§ About this exercise
Restrict the output to the lines below starting at the one that contains "Bluetooth5.2新登場 ワイヤレスマウス 静音" and ending at the one that contains "Sujetador sin costuras", and restate them word for word, both ends included.

§ Data for analysis

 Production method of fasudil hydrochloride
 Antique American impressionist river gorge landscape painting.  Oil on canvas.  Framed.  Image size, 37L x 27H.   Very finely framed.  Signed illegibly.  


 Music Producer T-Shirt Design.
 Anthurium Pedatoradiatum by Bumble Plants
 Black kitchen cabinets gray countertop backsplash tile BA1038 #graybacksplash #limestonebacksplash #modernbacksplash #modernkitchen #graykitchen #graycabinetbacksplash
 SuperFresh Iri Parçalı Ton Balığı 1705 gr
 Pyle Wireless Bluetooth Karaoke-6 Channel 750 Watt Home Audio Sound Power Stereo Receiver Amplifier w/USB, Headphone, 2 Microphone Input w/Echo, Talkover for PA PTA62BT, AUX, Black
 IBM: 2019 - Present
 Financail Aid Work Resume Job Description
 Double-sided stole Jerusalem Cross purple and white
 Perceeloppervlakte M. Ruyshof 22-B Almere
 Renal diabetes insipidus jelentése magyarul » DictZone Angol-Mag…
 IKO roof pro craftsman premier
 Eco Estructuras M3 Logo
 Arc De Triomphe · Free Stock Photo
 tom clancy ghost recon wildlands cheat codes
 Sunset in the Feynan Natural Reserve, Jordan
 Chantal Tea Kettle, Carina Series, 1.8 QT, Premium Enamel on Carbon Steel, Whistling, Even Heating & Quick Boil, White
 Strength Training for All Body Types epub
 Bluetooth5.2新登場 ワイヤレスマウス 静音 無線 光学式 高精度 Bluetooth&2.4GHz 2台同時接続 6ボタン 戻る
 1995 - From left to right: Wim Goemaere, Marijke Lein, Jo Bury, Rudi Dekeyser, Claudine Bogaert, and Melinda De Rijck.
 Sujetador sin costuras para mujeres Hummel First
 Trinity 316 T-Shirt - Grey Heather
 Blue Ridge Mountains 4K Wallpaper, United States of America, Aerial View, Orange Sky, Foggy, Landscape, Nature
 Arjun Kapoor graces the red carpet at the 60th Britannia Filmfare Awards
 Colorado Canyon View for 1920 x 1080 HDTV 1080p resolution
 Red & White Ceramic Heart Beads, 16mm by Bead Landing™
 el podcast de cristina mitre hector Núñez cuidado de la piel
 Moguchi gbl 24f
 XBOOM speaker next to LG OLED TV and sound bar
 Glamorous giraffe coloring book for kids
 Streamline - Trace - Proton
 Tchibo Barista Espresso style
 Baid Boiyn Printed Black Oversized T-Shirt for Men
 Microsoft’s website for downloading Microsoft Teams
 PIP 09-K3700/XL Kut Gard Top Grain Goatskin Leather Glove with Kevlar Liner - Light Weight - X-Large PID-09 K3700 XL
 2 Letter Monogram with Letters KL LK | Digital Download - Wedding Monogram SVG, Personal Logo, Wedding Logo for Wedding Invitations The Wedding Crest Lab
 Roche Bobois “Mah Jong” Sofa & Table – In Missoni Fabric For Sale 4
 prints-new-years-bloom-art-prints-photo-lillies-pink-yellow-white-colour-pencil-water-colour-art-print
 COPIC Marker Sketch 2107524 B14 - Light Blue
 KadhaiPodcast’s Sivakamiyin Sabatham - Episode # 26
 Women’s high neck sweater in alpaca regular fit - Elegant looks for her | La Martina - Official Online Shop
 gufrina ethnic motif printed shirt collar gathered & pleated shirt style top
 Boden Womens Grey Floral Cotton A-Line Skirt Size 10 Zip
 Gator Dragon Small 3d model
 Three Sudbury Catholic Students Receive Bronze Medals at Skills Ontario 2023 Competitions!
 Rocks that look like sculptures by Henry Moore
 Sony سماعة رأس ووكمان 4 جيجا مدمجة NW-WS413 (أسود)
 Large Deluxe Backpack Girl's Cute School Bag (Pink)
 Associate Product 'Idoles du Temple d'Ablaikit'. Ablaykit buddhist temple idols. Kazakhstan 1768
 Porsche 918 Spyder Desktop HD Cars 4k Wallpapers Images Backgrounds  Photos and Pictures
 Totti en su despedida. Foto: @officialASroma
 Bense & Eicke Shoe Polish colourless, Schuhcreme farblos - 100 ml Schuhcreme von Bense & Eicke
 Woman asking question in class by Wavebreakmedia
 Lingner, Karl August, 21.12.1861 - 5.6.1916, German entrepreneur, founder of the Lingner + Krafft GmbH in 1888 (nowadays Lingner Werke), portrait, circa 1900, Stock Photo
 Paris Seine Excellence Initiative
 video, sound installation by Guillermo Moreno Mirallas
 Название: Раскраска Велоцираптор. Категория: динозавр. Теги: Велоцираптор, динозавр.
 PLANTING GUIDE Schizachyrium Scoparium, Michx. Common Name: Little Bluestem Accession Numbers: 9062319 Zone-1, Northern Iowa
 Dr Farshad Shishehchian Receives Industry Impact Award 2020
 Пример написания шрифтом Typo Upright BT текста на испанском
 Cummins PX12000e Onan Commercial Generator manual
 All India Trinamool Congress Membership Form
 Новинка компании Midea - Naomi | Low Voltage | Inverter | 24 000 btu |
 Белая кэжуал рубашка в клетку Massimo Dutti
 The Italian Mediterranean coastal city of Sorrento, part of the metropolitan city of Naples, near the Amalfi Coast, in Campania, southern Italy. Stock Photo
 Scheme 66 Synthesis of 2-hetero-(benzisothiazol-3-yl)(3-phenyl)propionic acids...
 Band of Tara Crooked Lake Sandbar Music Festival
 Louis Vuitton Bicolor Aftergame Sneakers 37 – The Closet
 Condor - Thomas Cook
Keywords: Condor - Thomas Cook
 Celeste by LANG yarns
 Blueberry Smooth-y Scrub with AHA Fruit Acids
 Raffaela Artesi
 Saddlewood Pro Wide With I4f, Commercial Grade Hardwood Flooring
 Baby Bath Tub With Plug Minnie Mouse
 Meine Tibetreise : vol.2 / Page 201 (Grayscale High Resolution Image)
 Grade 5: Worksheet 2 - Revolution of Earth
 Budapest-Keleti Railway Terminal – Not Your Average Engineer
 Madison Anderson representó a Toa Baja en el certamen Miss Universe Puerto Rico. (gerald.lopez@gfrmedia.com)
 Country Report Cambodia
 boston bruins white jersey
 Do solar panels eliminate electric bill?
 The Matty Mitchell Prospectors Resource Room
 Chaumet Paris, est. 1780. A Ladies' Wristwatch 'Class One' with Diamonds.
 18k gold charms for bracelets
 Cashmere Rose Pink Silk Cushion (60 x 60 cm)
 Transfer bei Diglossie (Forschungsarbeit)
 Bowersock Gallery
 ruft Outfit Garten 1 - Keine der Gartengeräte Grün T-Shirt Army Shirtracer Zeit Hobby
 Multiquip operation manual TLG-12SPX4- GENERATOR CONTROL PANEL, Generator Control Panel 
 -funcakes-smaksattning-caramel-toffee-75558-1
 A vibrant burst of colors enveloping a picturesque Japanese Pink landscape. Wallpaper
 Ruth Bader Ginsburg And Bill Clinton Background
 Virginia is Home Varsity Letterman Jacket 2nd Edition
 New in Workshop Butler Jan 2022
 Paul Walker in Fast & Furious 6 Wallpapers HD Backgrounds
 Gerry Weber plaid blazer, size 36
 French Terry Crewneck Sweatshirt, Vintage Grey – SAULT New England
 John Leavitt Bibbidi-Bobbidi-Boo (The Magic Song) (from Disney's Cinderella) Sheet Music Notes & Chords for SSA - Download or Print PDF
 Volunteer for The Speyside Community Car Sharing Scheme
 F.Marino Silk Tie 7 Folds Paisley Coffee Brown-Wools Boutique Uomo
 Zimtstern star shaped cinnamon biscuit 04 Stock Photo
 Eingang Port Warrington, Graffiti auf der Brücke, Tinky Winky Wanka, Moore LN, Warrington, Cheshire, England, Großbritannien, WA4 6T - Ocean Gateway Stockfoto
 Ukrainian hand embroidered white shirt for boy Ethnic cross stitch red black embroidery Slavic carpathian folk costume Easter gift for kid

§ Task result
 Bluetooth5.2新登場 ワイヤレスマウス 静音 無線 光学式 高精度 Bluetooth&2.4GHz 2台同時接続 6ボタン 戻る
 1995 - From left to right: Wim Goemaere, Marijke Lein, Jo Bury, Rudi Dekeyser, Claudine Bogaert, and Melinda De Rijck.
 Sujetador sin costuras para mujeres Hummel First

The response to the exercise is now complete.